O suspense psicológico da Netflix que vai te desconcertar por semanas

Apesar de aparentar ser apenas mais um diretor, Kike Maíllo, o responsável por “Inimiga Perfeita”, situa-se no seleto grupo de cineastas que inclui Alfred Hitchcock (1899-1980). Mesmo após mais de quarenta anos desde sua morte, Hitchcock ainda ocupa uma posição inigualável no cinema, e parece que continuará assim indefinidamente. Diversos diretores tentaram se aproximar do seu nível, mas, ao se analisar comparativamente o trabalho deles com o de Hitchcock, percebe-se que ele é insuperável no que tange ao controle narrativo e à capacidade de transformar sugestões visuais em experiências psicológicas intensas para o espectador. Ele possuía um talento singular para criar uma tensão contínua e uma atmosfera carregada de suspense que poucos conseguiram replicar.

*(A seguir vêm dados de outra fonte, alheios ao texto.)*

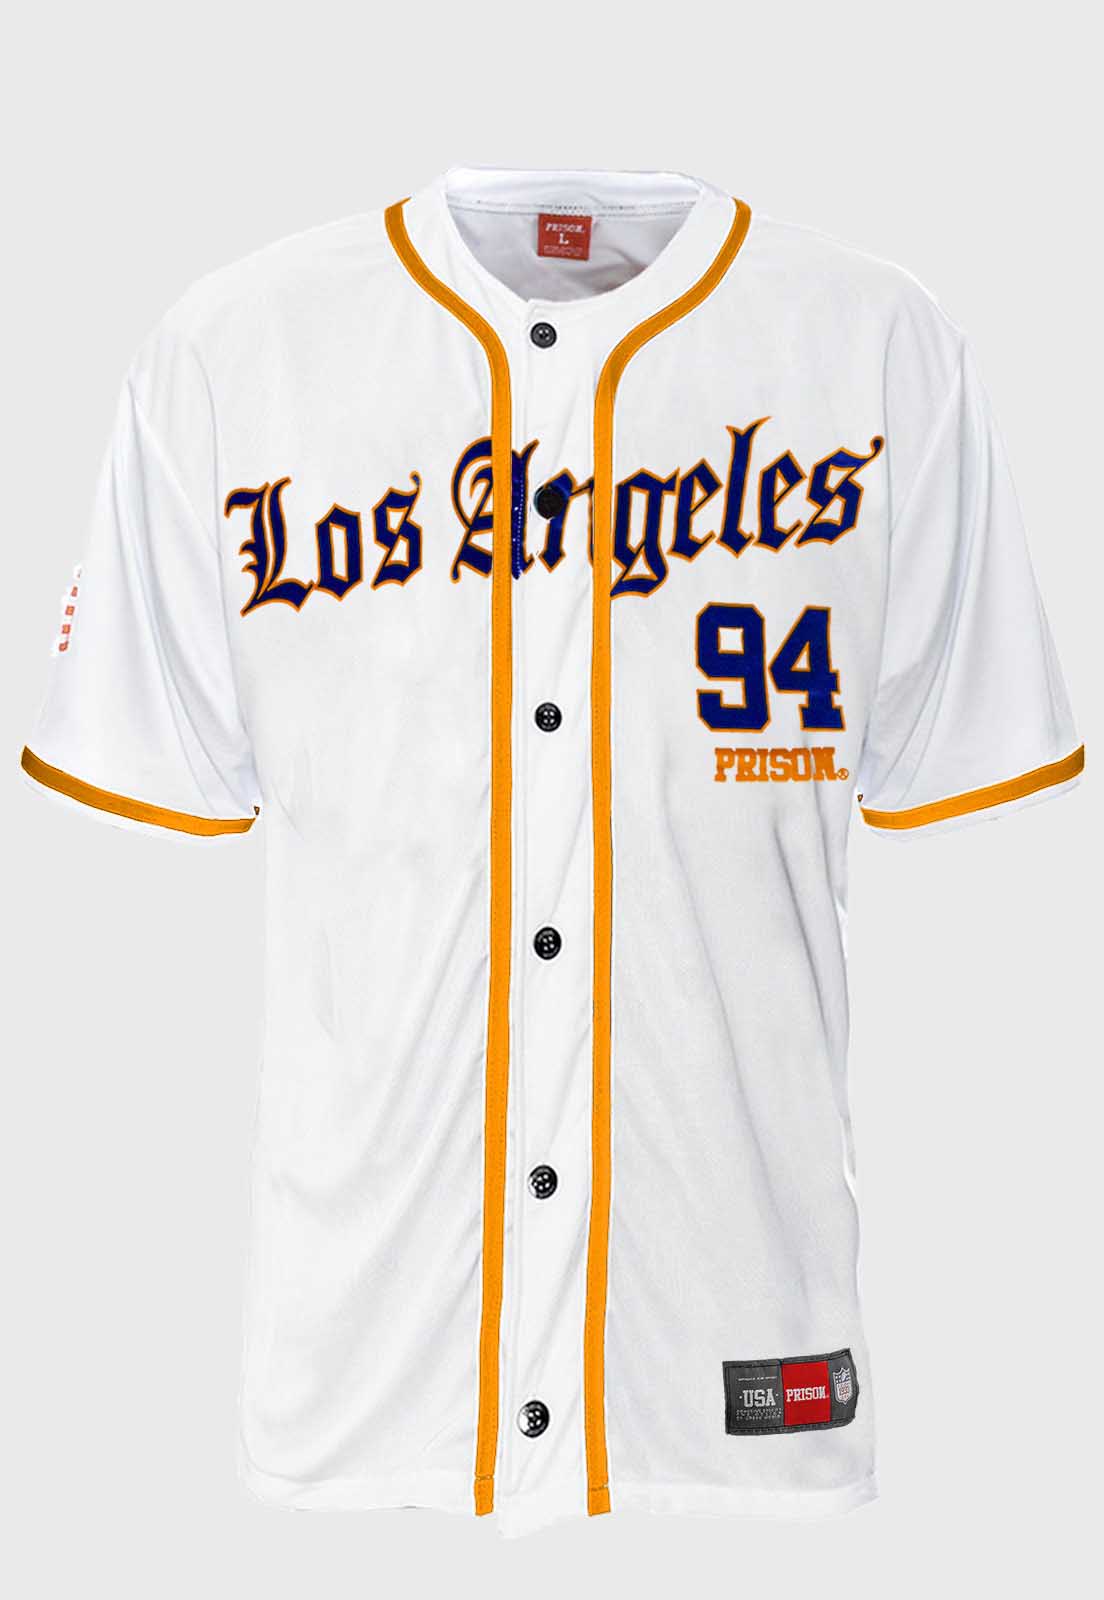 Camisa de Baseball Prison Los Angeles 94 Branca

Maíllo demonstra uma profunda compreensão dos princípios hitchcockianos, evidenciando um equilíbrio entre o que é dito e o que se desenrola nas cenas. Ele sabe quando deixar as entrelinhas se revelarem gradativamente, mantendo o público em suspense até o momento adequado. O diretor espanhol reconhece o perigo de extrapolar os limites da narrativa, permitindo que a história se desenvolva de forma natural, sem imposições forçadas.

O resultado é uma narrativa intrinsecamente misteriosa, onde os desdobramentos são ao mesmo tempo esperados e surpreendentes. Maíllo evita sobrecarregar a audiência com imagens excessivas ou diálogos redundantes, preferindo uma abordagem mais sutil e eficaz. Dessa maneira, ele se afirma como um verdadeiro discípulo de Hitchcock, empregando todas as ferramentas necessárias para construir uma boa história.

O elemento fantástico permeia a obra. Após um início lento, o arquiteto Jeremiasz Angust, interpretado por Tomasz Kot, enfrenta um imprevisto em Paris: um congestionamento que ameaça atrasar seu retorno após uma conferência. A fotografia de Rita Noriega realça a atmosfera sombria que domina os 89 minutos de duração, situando o espectador em um cenário inicialmente harmonioso, mas que rapidamente se transforma em um ambiente de paranoia e caos.

No meio dessa desolação, surge Texel Textor, uma figura enigmática que personifica a intriga central do filme. Em um jogo metalinguístico, o roteiro de Maíllo, Cristina Clemente e Fernando Navarro utiliza o nome da personagem, brilhantemente interpretada por Athena Strates, para representar conversas aparentemente inofensivas, mas que possuem o poder de desestabilizar. Textor, encharcada pela chuva, pede carona ao personagem de Kot, alegando estar atrasada e sem transporte. Inicialmente hesitante, mas compadecido pela situação dela, Angust concorda, desencadeando uma série de eventos que marcarão seu destino.

Ao longo da trama, Textor envolve Angust em conversas que se assemelham a um interrogatório, utilizando uma linguagem incisiva e perturbadora. A interação entre eles revela um grande mistério, que também envolve Isabel, a esposa de Angust, interpretada por Marta Nieto. Este jogo complexo de certezas e dúvidas é cuidadosamente construído, evidenciando a habilidade de Maíllo em criar uma narrativa envolvente e inquietante.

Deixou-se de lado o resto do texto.